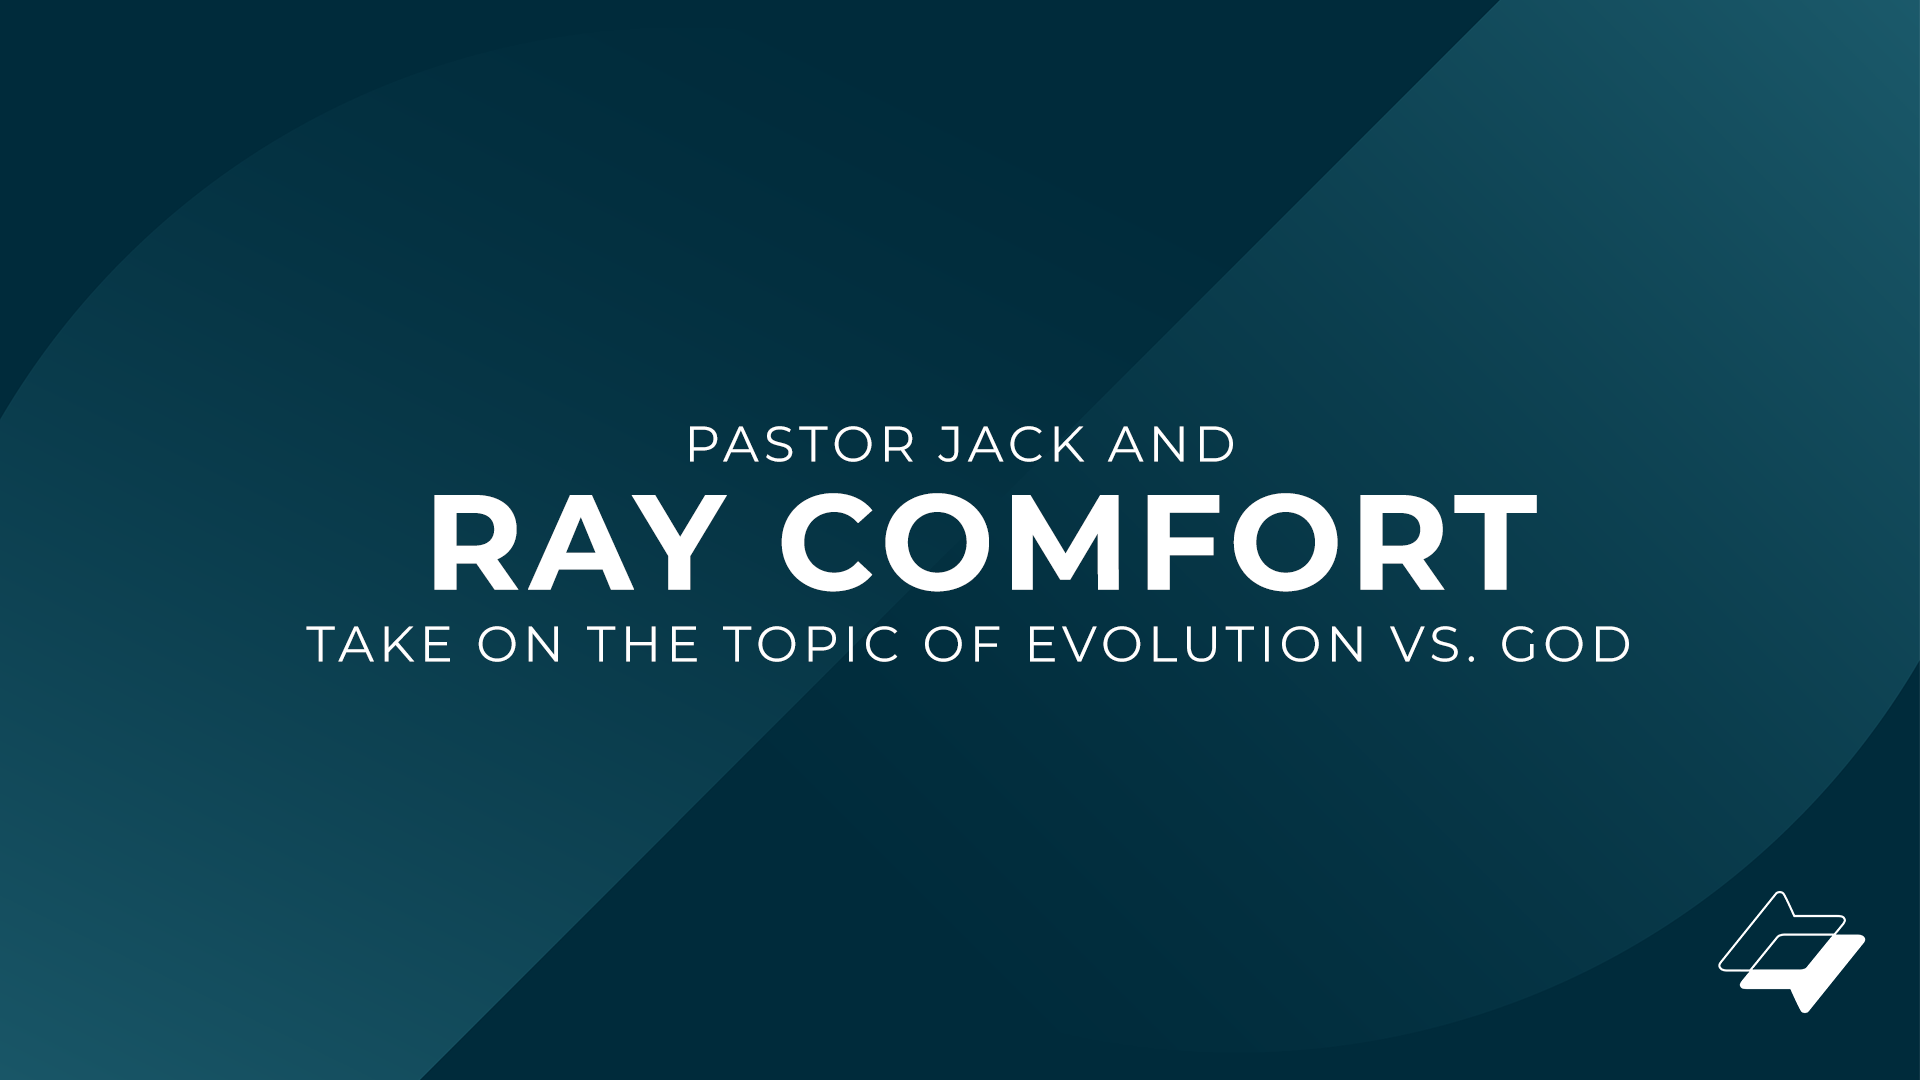 Pastor Jack and Ray Comfort take on the topic of Evolution vs. God
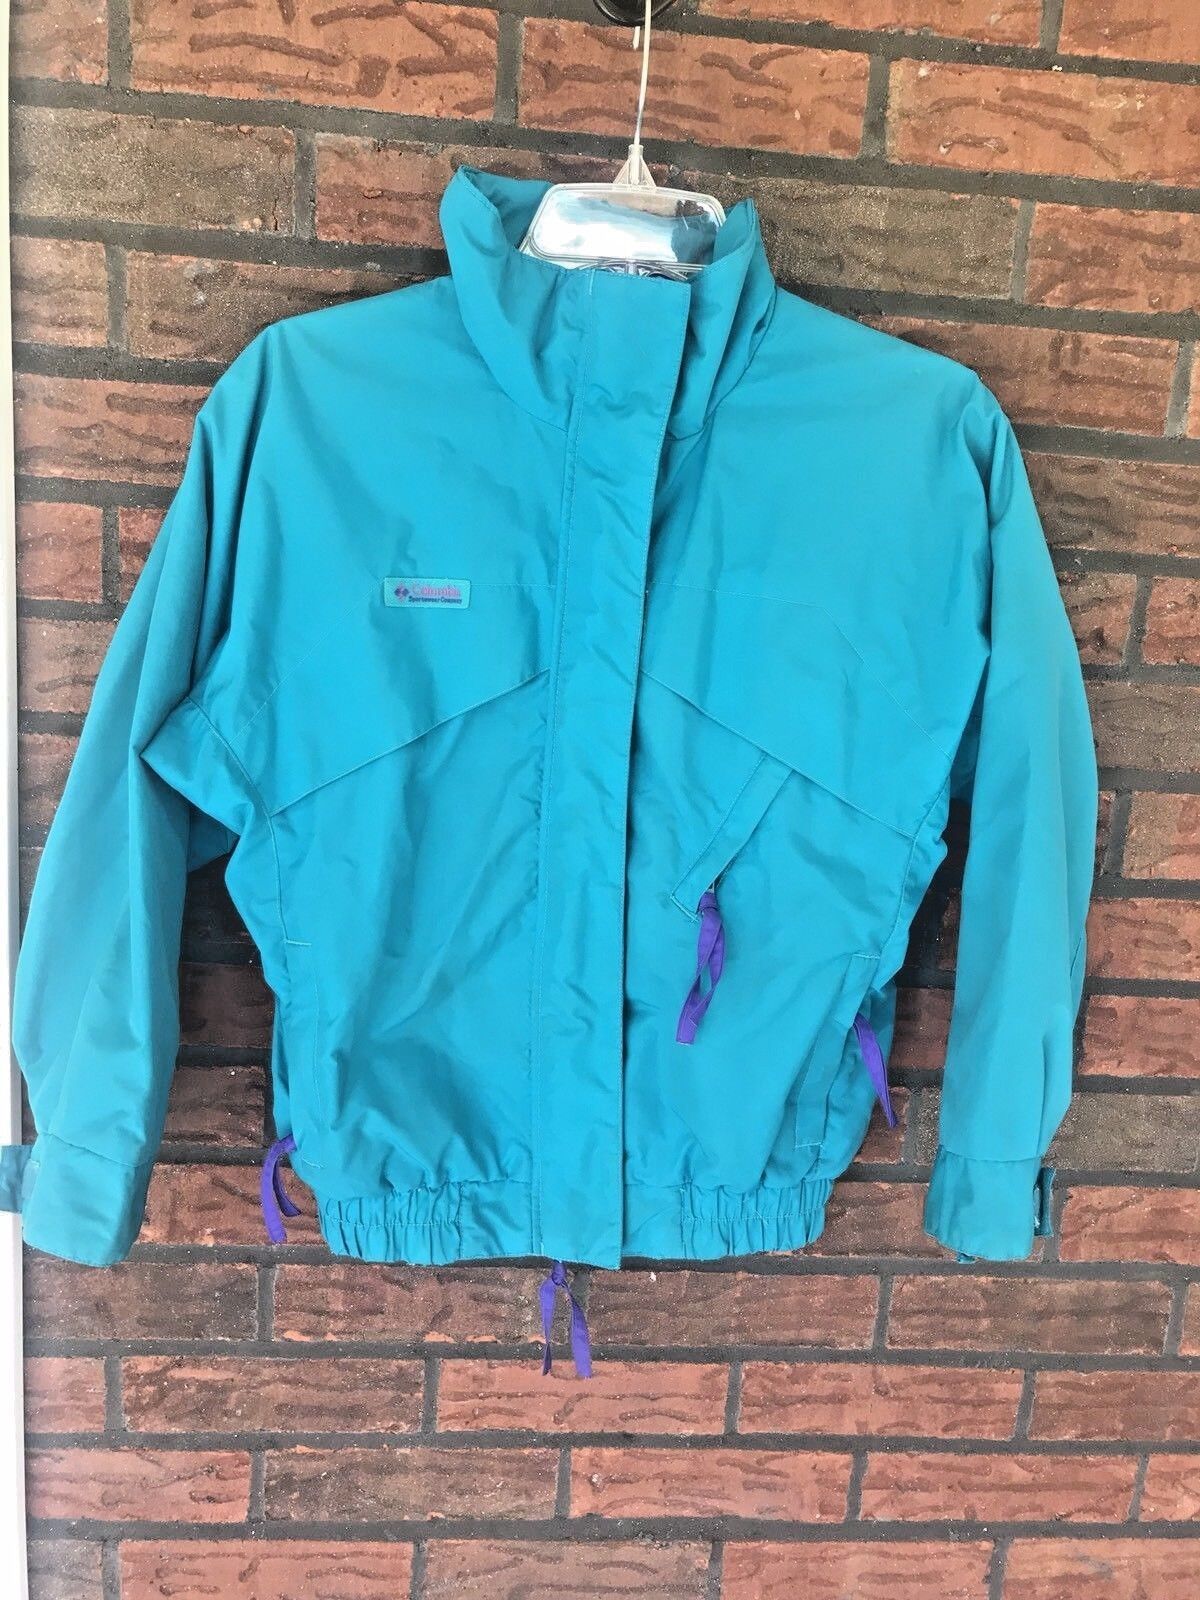 Retro Columbia Sportswear 10/12 Youth Medium Whirlibird Radial Sleev Jacket Coat - $5.70
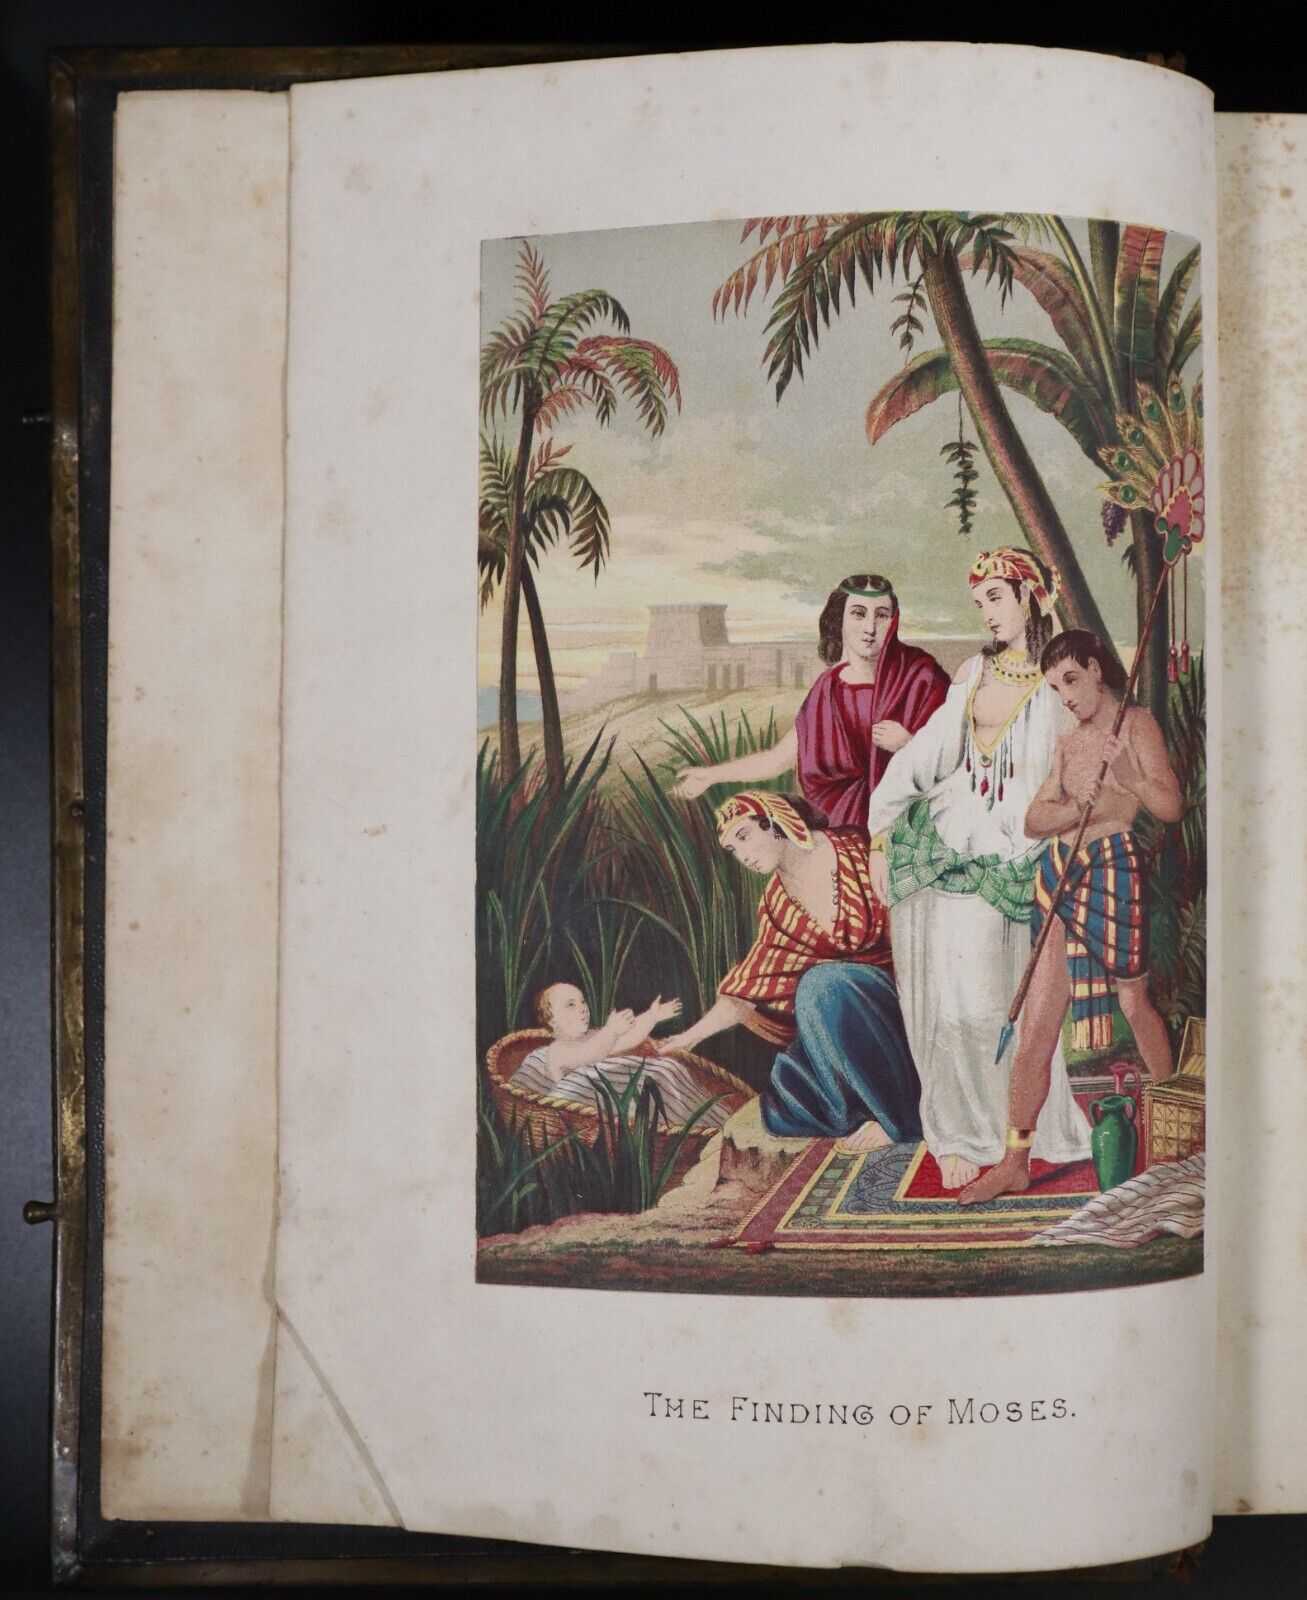 c1870 Browns Self Interpreting Sydney Family Bible Illustrated Antiquarian Bible
:::::
**Aim of the task**
All of the material above must be retyped exactly, line for line, with the images dropped.

**Response**
 Pastor Jack and Ray Comfort take on the topic of Evolution vs. God
 Retro Columbia Sportswear 10/12 Youth Medium Whirlibird Radial Sleev Jacket Coat - $5.70
 c1870 Browns Self Interpreting Sydney Family Bible Illustrated Antiquarian Bible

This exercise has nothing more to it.